**EXERCISE DESCRIPTION**
Please give the entries below again exactly, omitting every picture.

Records contained in a dataset
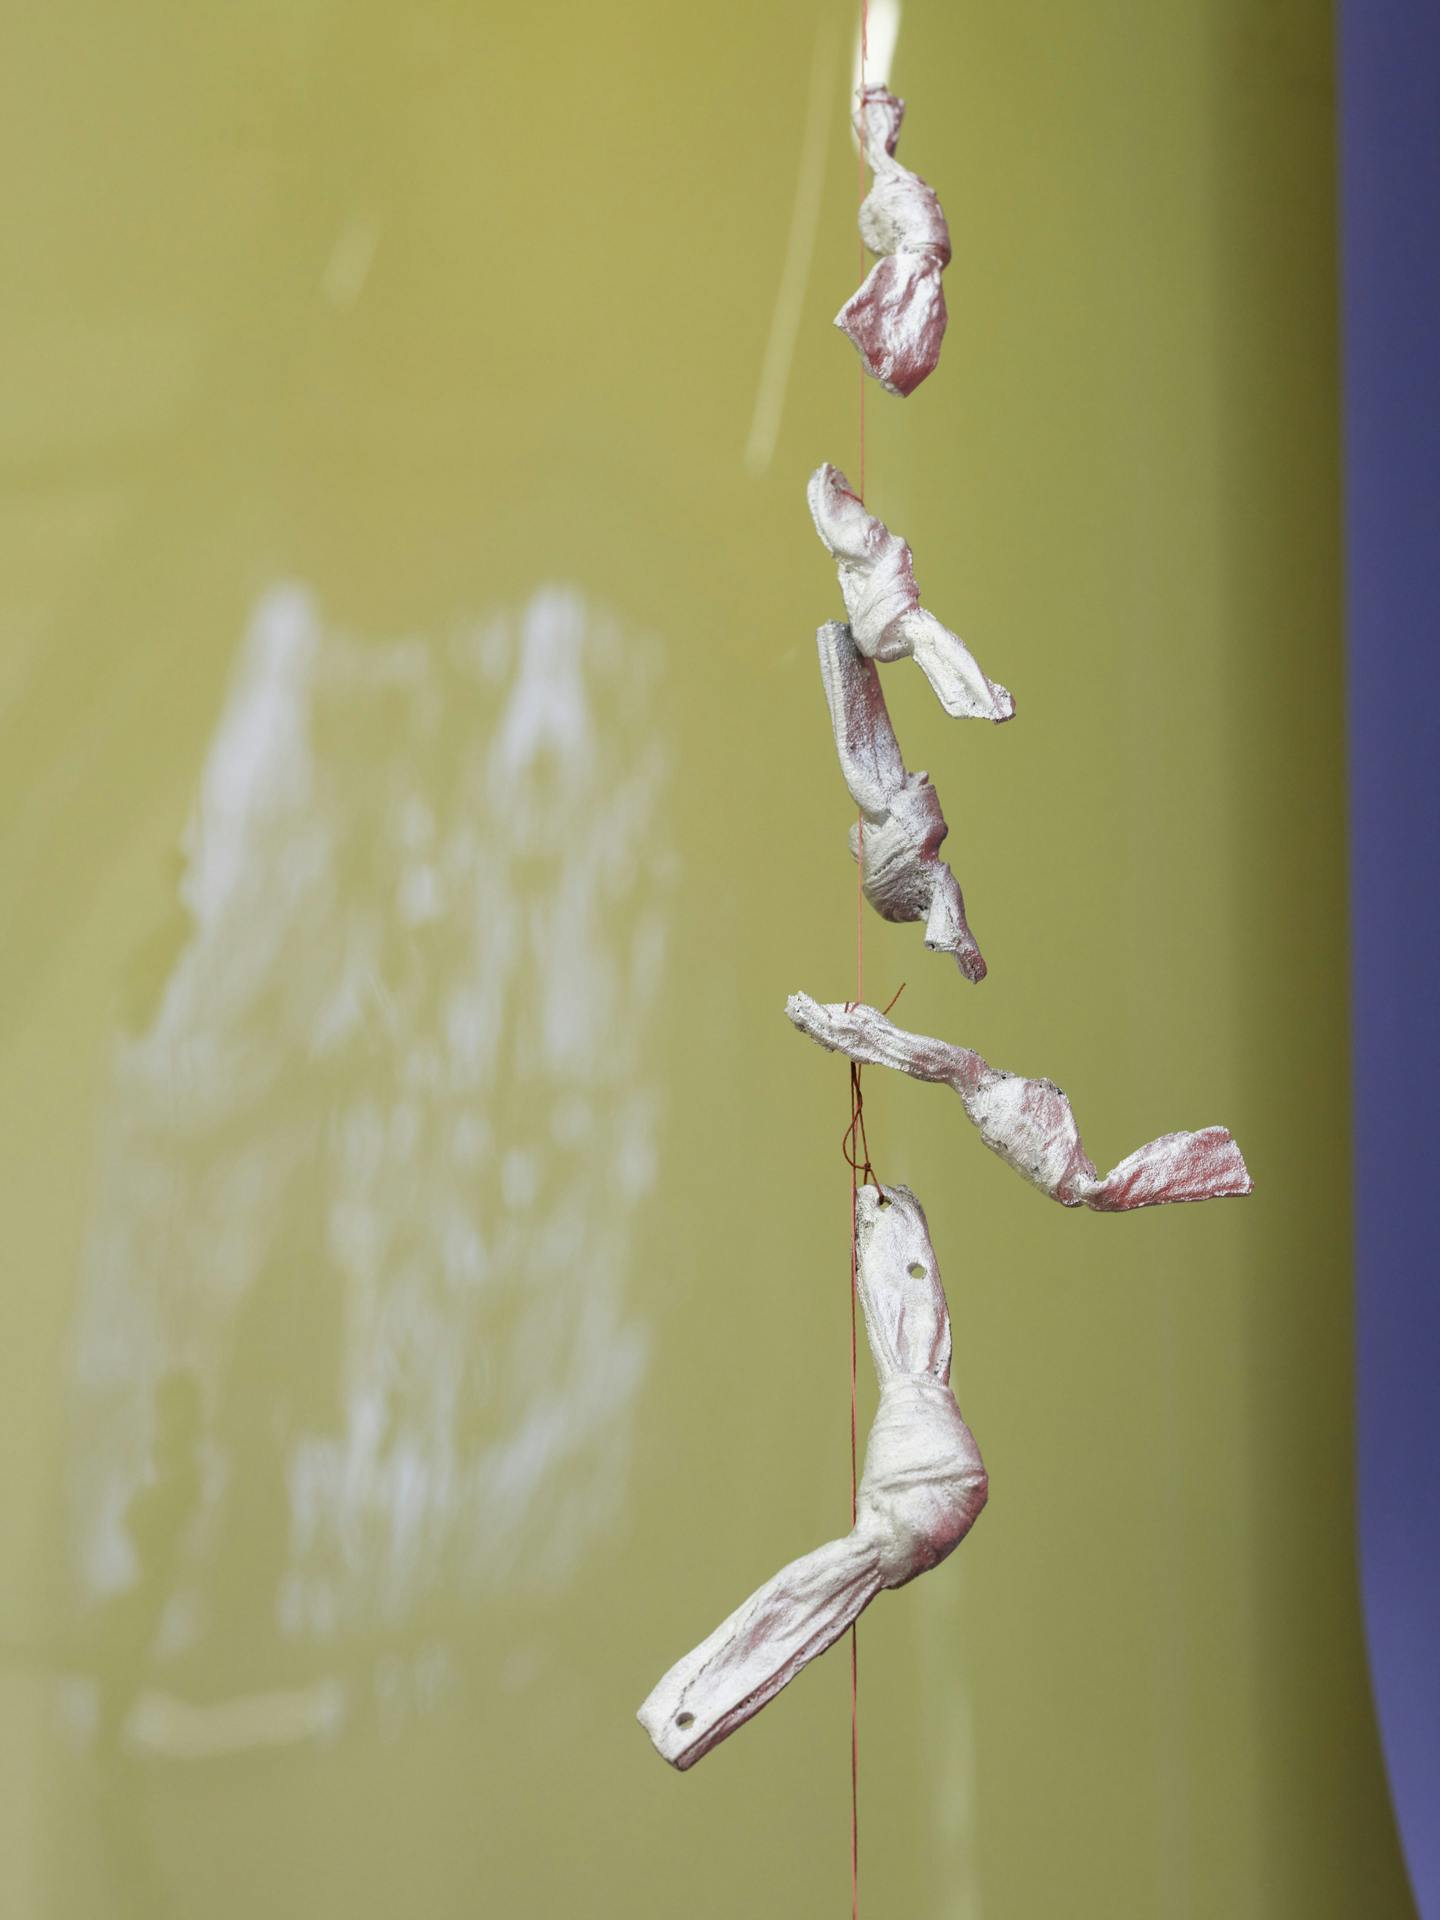 Silver sculptures hanging in a vertical arrangement from a string cast shadows on a hanging sheet of yellow photographic film.
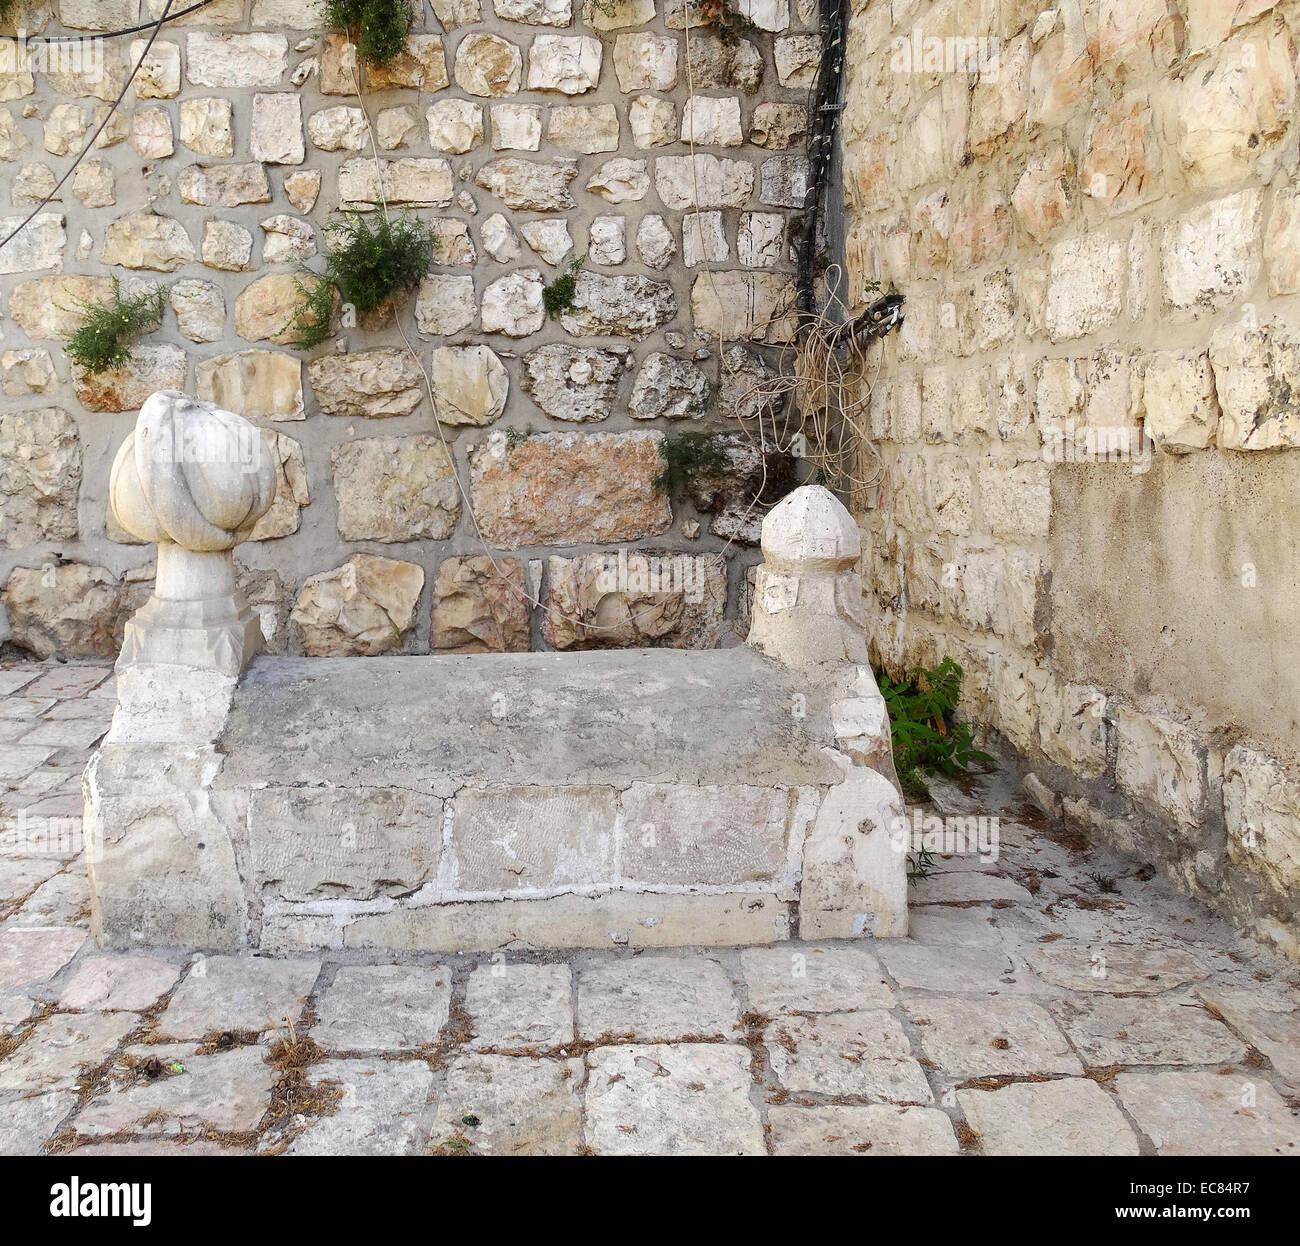 Arab grave stone and tomb at the Jaffa Gate; a stone portal in the historic walls of the old City of Jerusalem. It is one of eight gates in Jerusalem's Old City Walls. Stock Photo
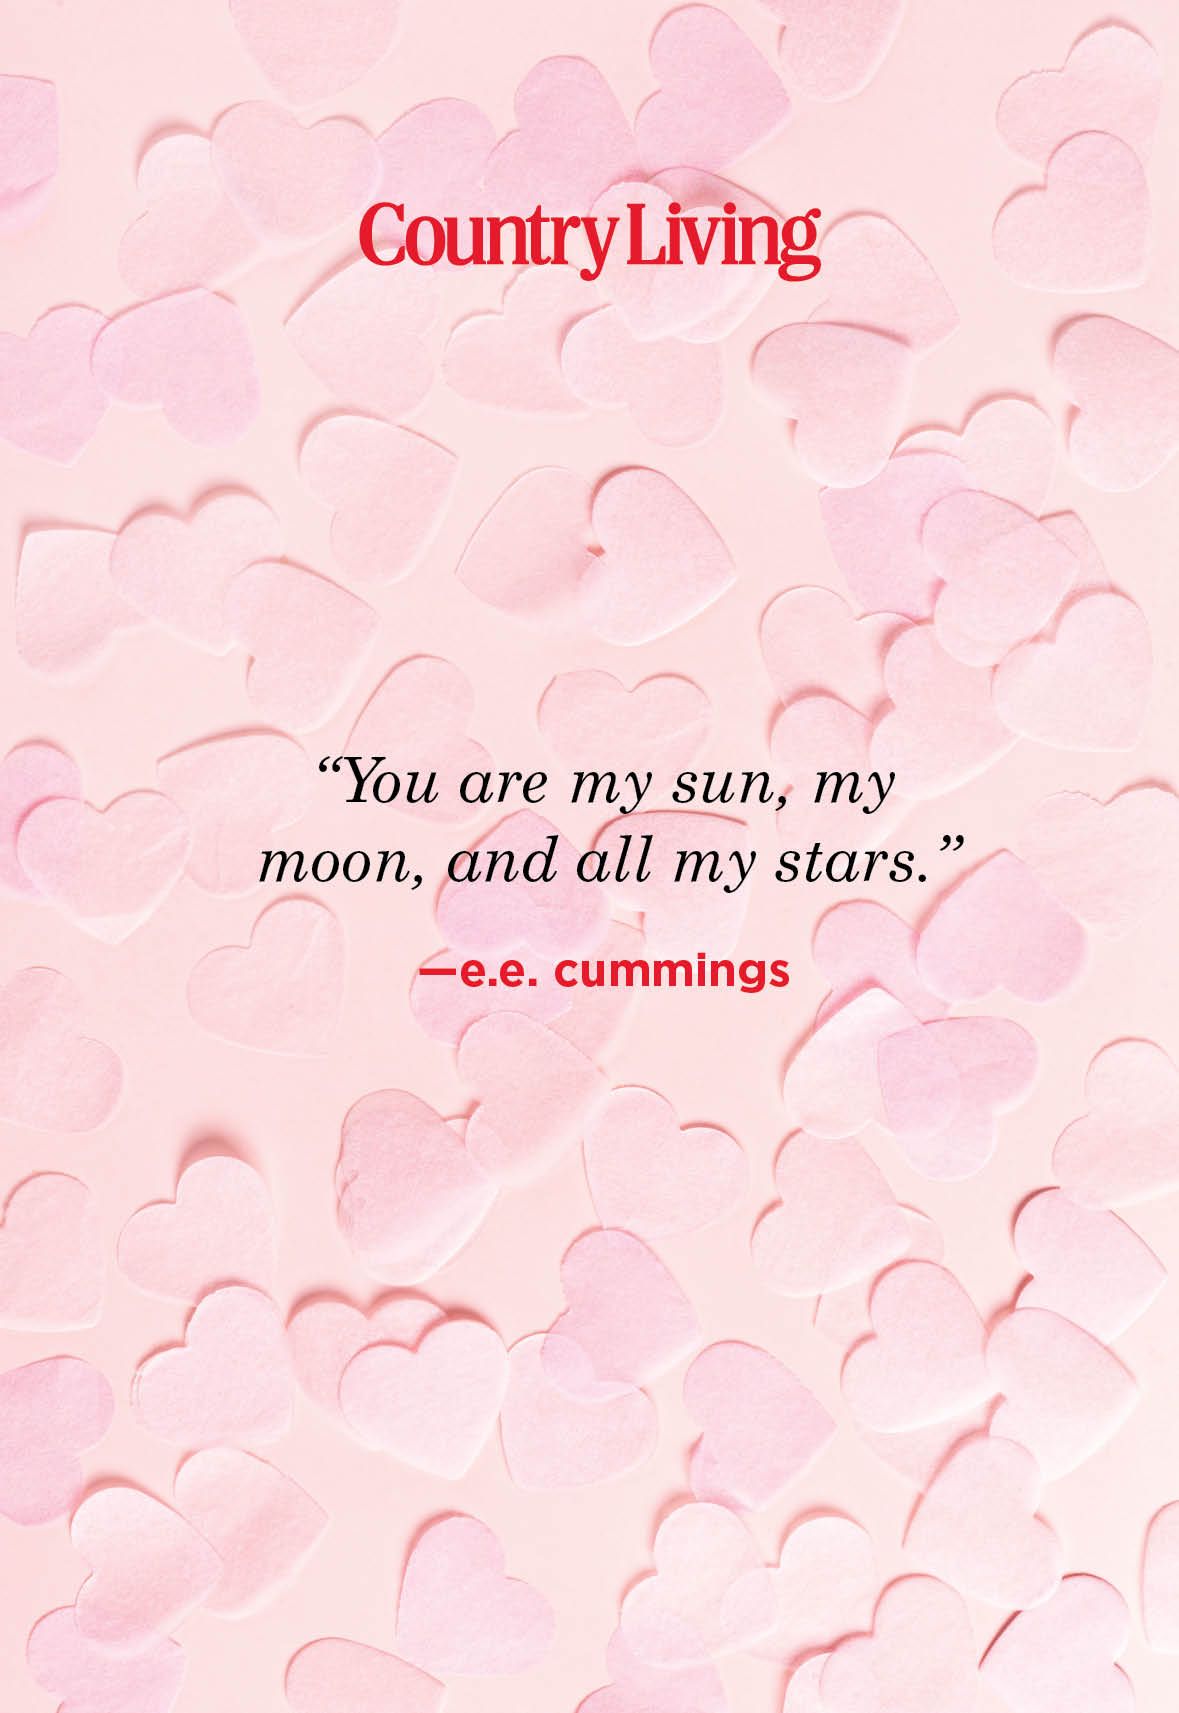 moon and sun love quotes
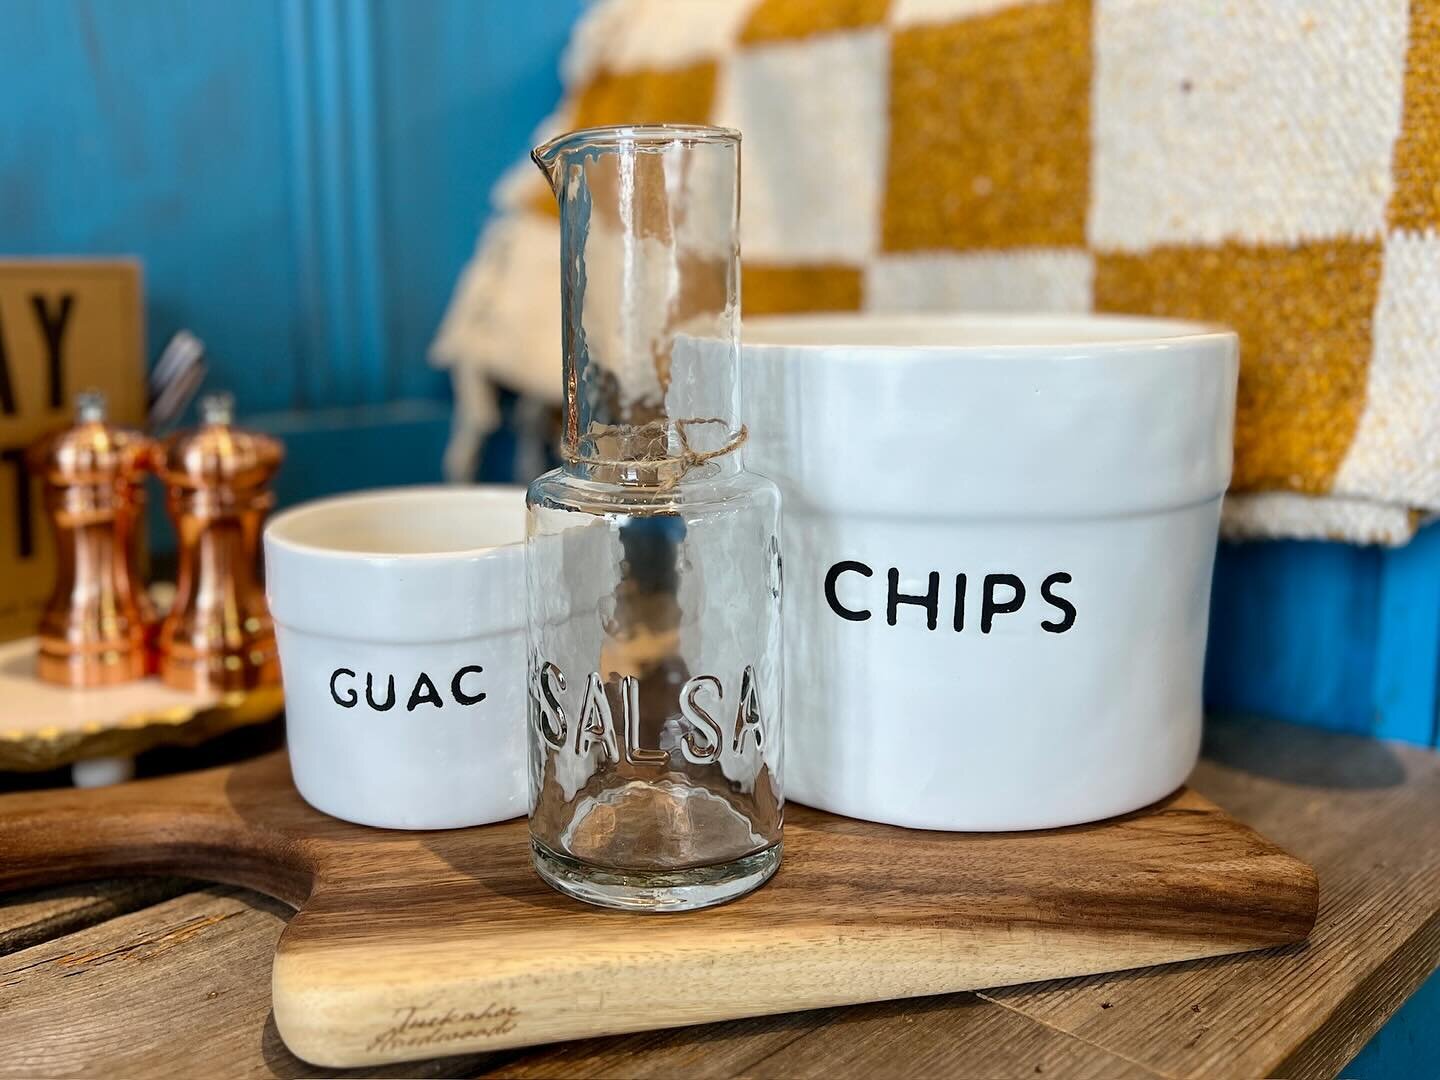 Are you team guac🥑 or salsa? Either way, we have all your entertaining or hostess gift needs for the big game! Open today from 11-4. 
#ggprettythings #superbowl #entertaining #hostessgift

**YOUR SOLUTION**
 Silver sculptures hanging in a vertical arrangement from a string cast shadows on a hanging sheet of yellow photographic film.
 Arab grave stone and tomb at the Jaffa Gate; a stone portal in the historic walls of the old City of Jerusalem. It is one of eight gates in Jerusalem's Old City Walls. Stock Photo
 moon and sun love quotes
 Are you team guac🥑 or salsa? Either way, we have all your entertaining or hostess gift needs for the big game! Open today from 11-4. 
#ggprettythings #superbowl #entertaining #hostessgift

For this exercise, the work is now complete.